For the good of the rest of the world, writer’s block should really be a visible affliction. Something like leprosy. See someone with an angry look on their face and huge tumor-like growths all over their bodies? Stay the hell away until they get over it. It sure LOOKS contagious.
Deadline on Friday. Until then, enjoy this filler written at some immemorably happier time.
Everything I ever needed to know I learned from Bugs Bunny. No exaggeration. Well, some. But all most of the important stuff, I learned from Bugs. I mean, he taught me about music! About opera and vaudeville and the daughter or Rosy O’Grady and racial stereotypes and gangsters and boater hats. About comebacks and surrealism and cross-dressing, about fertilizer and delayed reaction times, about how to wait until the perfect minute to deliver the kiss or the punchline or the stick of dynamite. He taught me not to be afraid of the man with the gun, because the man with the gun is an idiot. He taught me not to fear the noseless Martian with the disintegration ray pointed directly at earth, not the homicidal cowboy nor the mad scientist, not even the gremlin or the Nazi. If Bugs could handle all those threats with style and come out fresh and ready to curl up with a carrot brandy and a copy of A Tree Grows in Brooklyn, I learned I could handle pretty much anything this life could throw at me, if only I could be as cool as Bugs. It’s just that no one is as cool as Bugs. He’s better than Fonzi, you know?
I only got one chance to try out my Bugsian cool – seventeen years ago now, when I was eight and my brother Matt was ten. I’d spent all Saturday building a fort in the backyard, so when Matt did the brotherly thing and kicked me out, I wasn’t going to let it stand.
“Of course you know,” I told him, “this means war.” He threw his shoe at me.
Mom said we didn’t have any dynamite, so that was out, but there was a can of Reddy Whip in the kitchen. We didn’t have a pie tin either, so I sprayed the stuff in the shoe Matt had thrown at me, topped it with a maraschino cherry, and ran toward the backyard to throw it at him before it all melted out the hole in the bottom.
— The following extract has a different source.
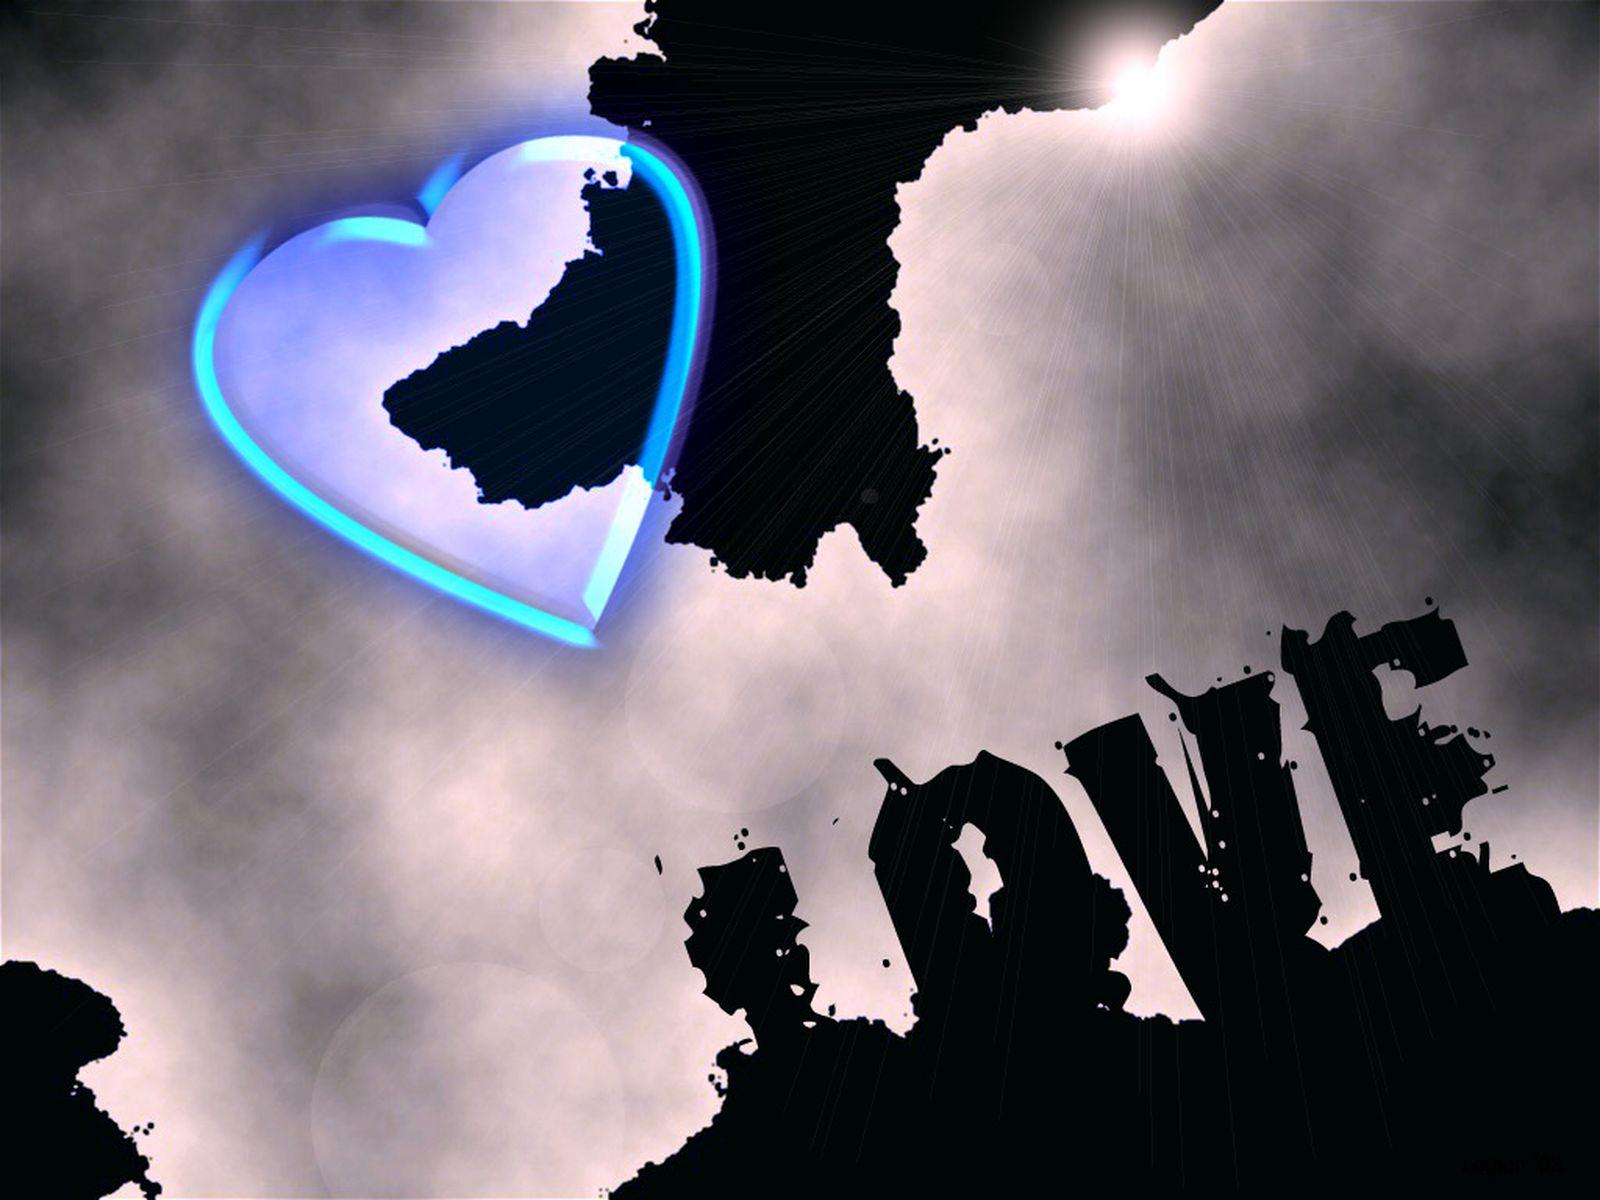 Beautiful love wallpaper - J love wallpaper download ...

I had a hand on the sliding door when mom caught me, disarmed me, and sent me to my room for half an hour, so she’d at least know that “the situation was contained.” The dynamite question must have tipped her off. Bugs didn’t have a mom, of course, which made things easier for him.
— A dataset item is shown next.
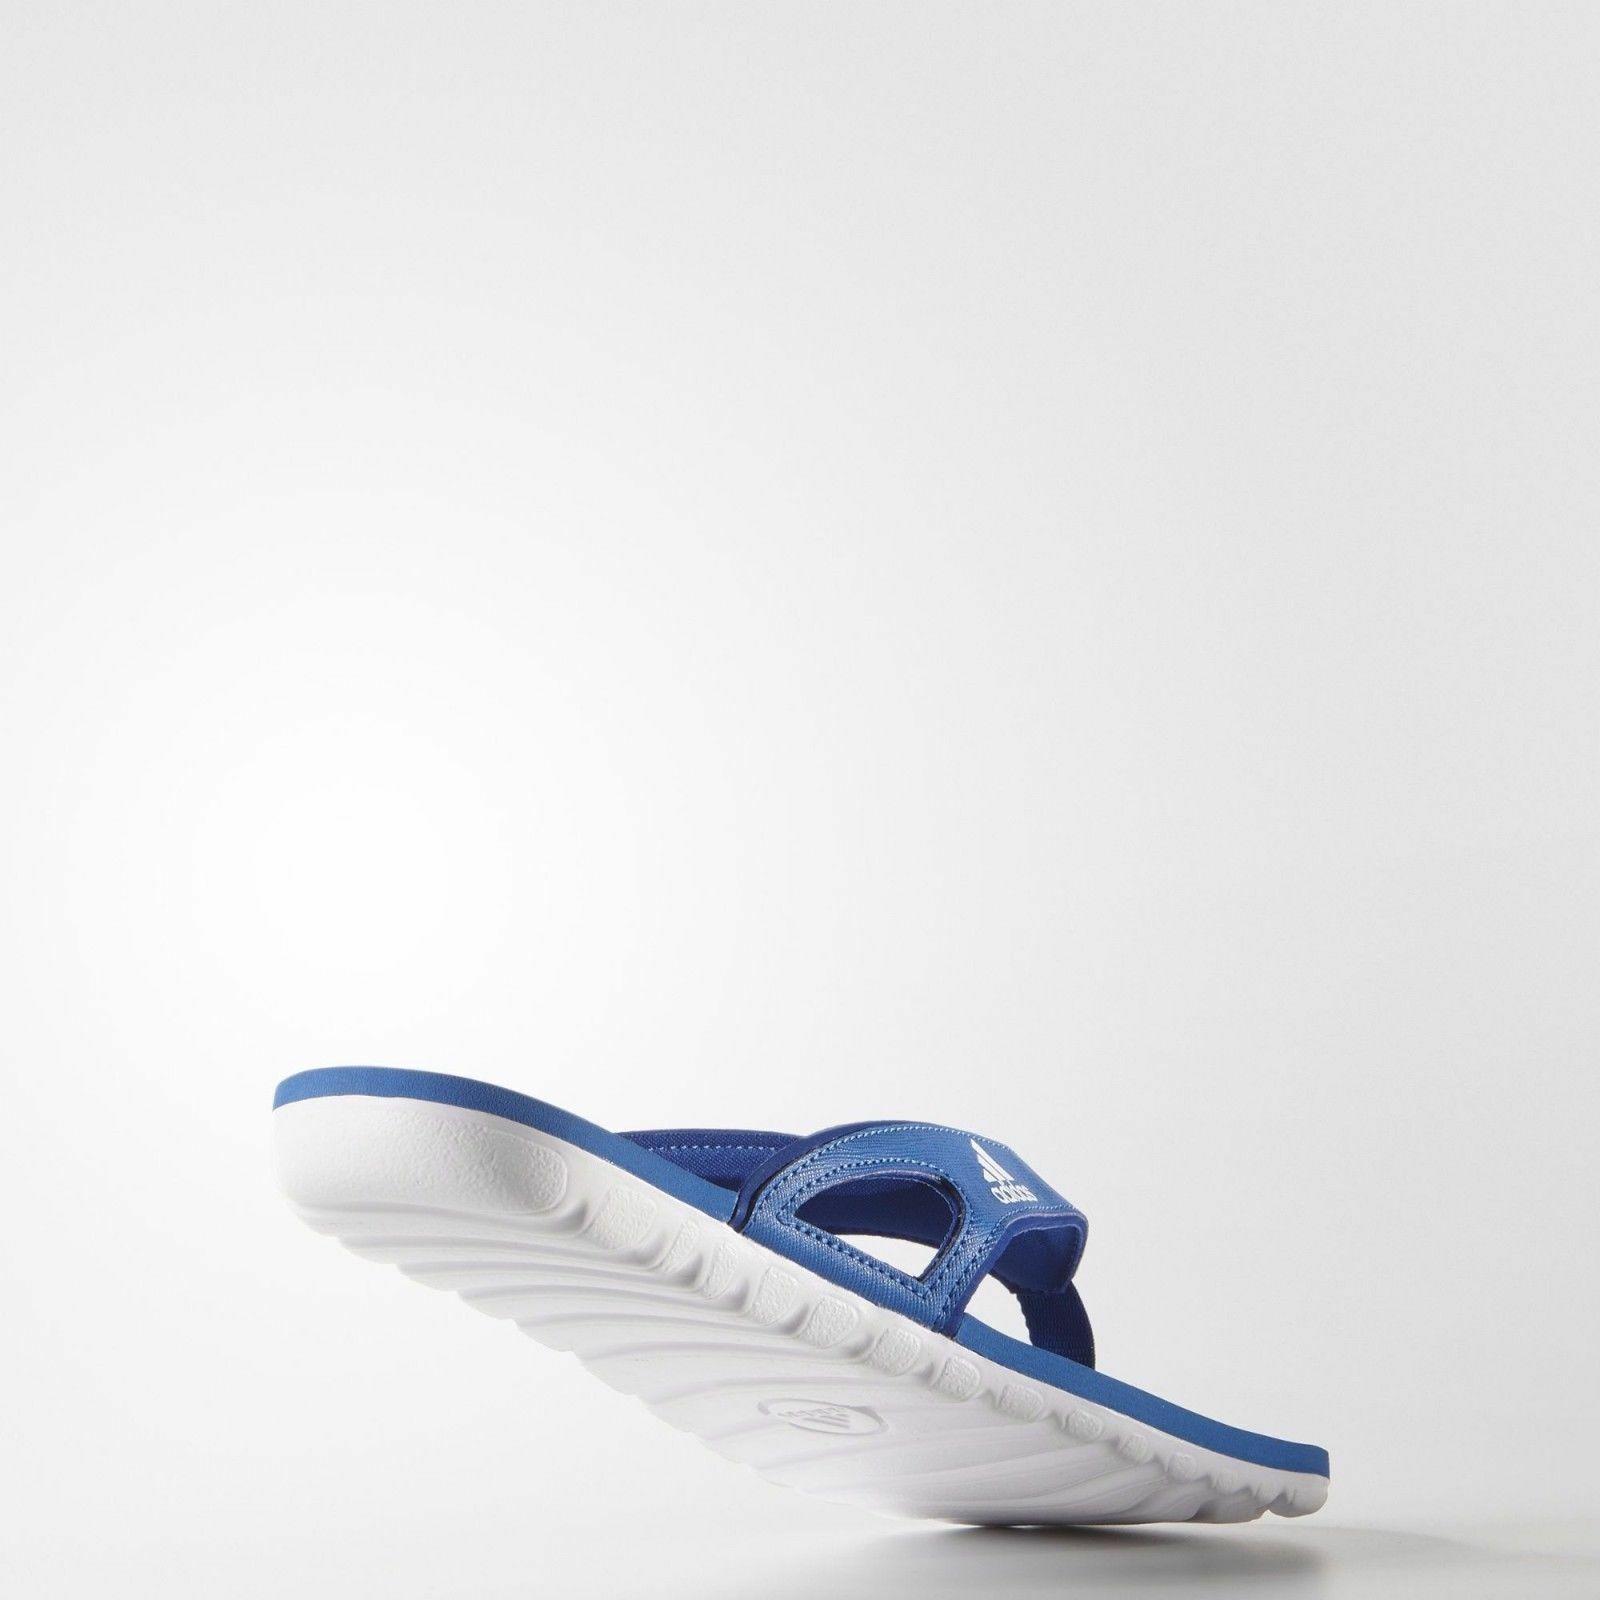 adidas Mens Calo 5 Flip Flops Sandals Pool Beach Shoes Slides image 7

It was an hour until dinnertime when mom released me, and Matt would surely demolish the fort when called in to eat – while I learned everything from Bugs, my brother modeled his tactics on General Sherman himself. The situation was desperate. So I snuck into mom’s closet to construct the ultimate weapon. At five twenty, I set off to face the enemy. He was reading X-Men.
“Yoohoo! Big boy!” I purred in my breathiest coo. Matt looked over his shoulder, carelessly. Then again, quickly – the perfect doubletake! I knew I was on to something.
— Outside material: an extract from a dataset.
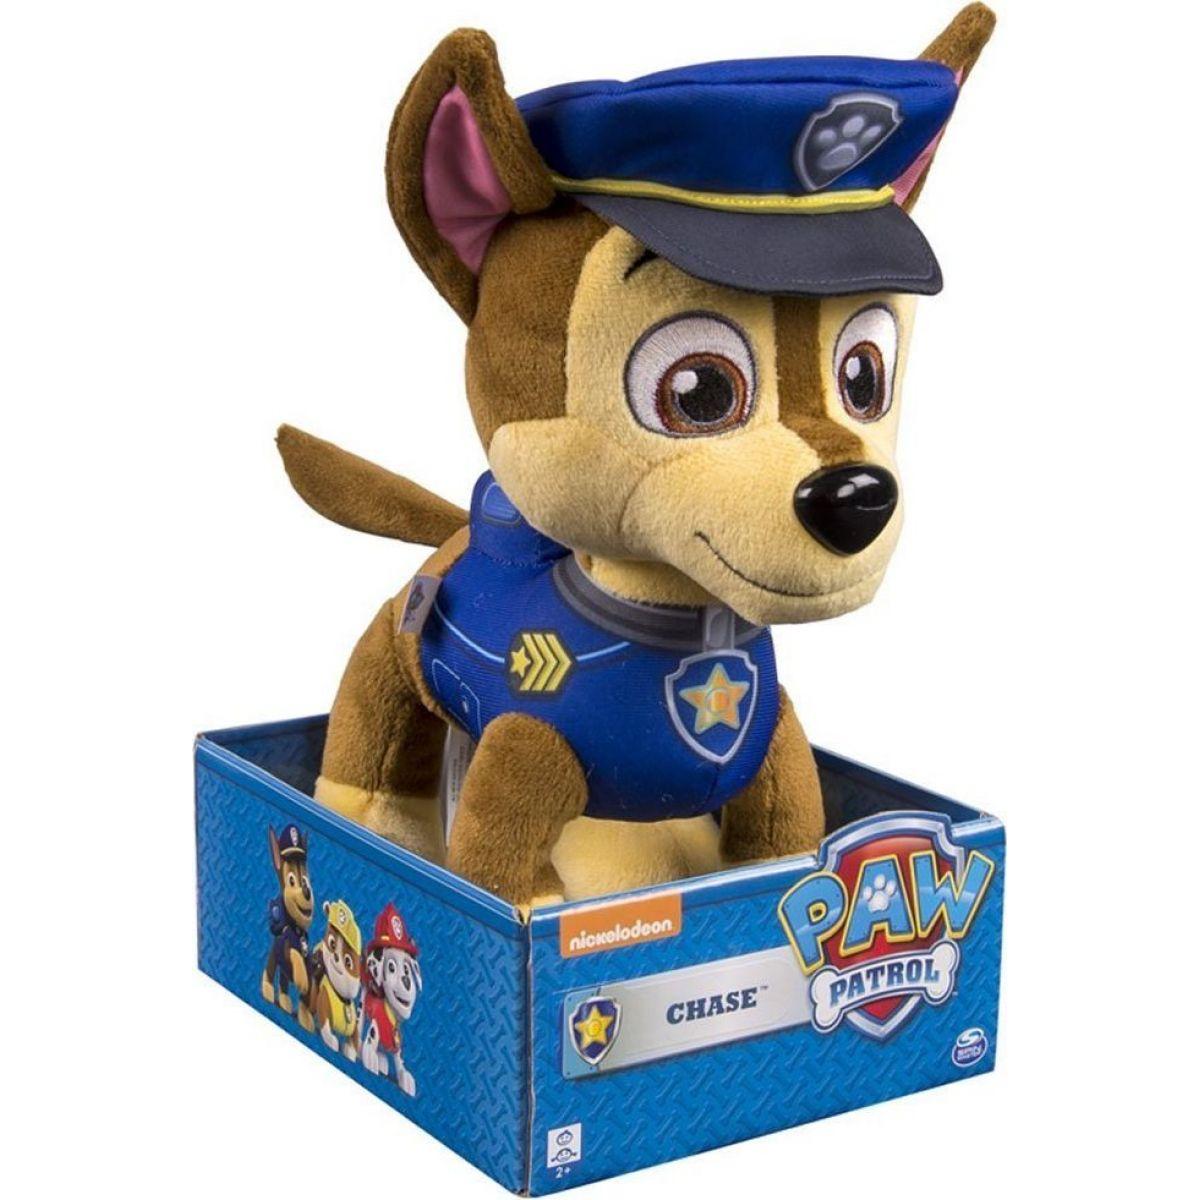 Spin Master Paw Patrol pejsek v krabičce Chase

“What, I…I mean…Jake? Jake, what the HELL are you doing?”
“Come over here and you’ll find out.” I blinked seductively, half expecting my eyelashes to plink. They were mascara-ed so heavily I could hardly keep them from sticking together. My lids were a heavy pink, my lips were ‘Glistening Plum,’ and I’d found the dress, which was red, shoved in a cardboard box way in the back of mom’s closet. The bra kept riding up because I had no breasts to keep it in place. I hadn’t been able to find a wig; instead, a dishtowel hung off my head, held on by a giant rubber band – sort of a crossdressing Lawrence of Arabia look. Matt came out of the fort slowly, staring. His mouth was hanging open in something acceptably like a love-struck Elmer.
“Jake, seriously dude, we’ve got to get you inside before someone sees you. Or mom.”
He had a point, but by then I was caught up in the act to care. I giggled shrilly. “I think you’re funny, big boy. Come’re!” Propelled by comic energy I never knew I had, I grabbed his neck, threw myself forward, and kissed him. On the lips. Hard.
When I pulled away, Matt looked slightly dazed. A big, round ‘O’ of glistening plum was printed on his mouth. Everything was going according to plan. Then – giddily, slowly, anticipatory – I pulled out the baseball bat I’d stuck down the front of my dress. I raised it slowly…
It was then that Matt hit me. When I started crying, he picked up his X-Men and walked into the house without a word. The fort was mine. I no longer cared.
It took the entire half hour before dinner to clean up my disguise. If mom noticed the mascara smudged under my eyes that night, she chose to say nothing. Matt and I still don’t talk about what happened that day. I’m just no Bugs Bunny. Few people are. What can I say?
Da-dat, da-dat, da-da-Dat’s all, folks!
Ok, I love this story. You should publish it somewhere. Well, I guess you published it here. But somewhere additional…
Hope things are flowing better today. And I still think Shoe Suede Blues is a great band name.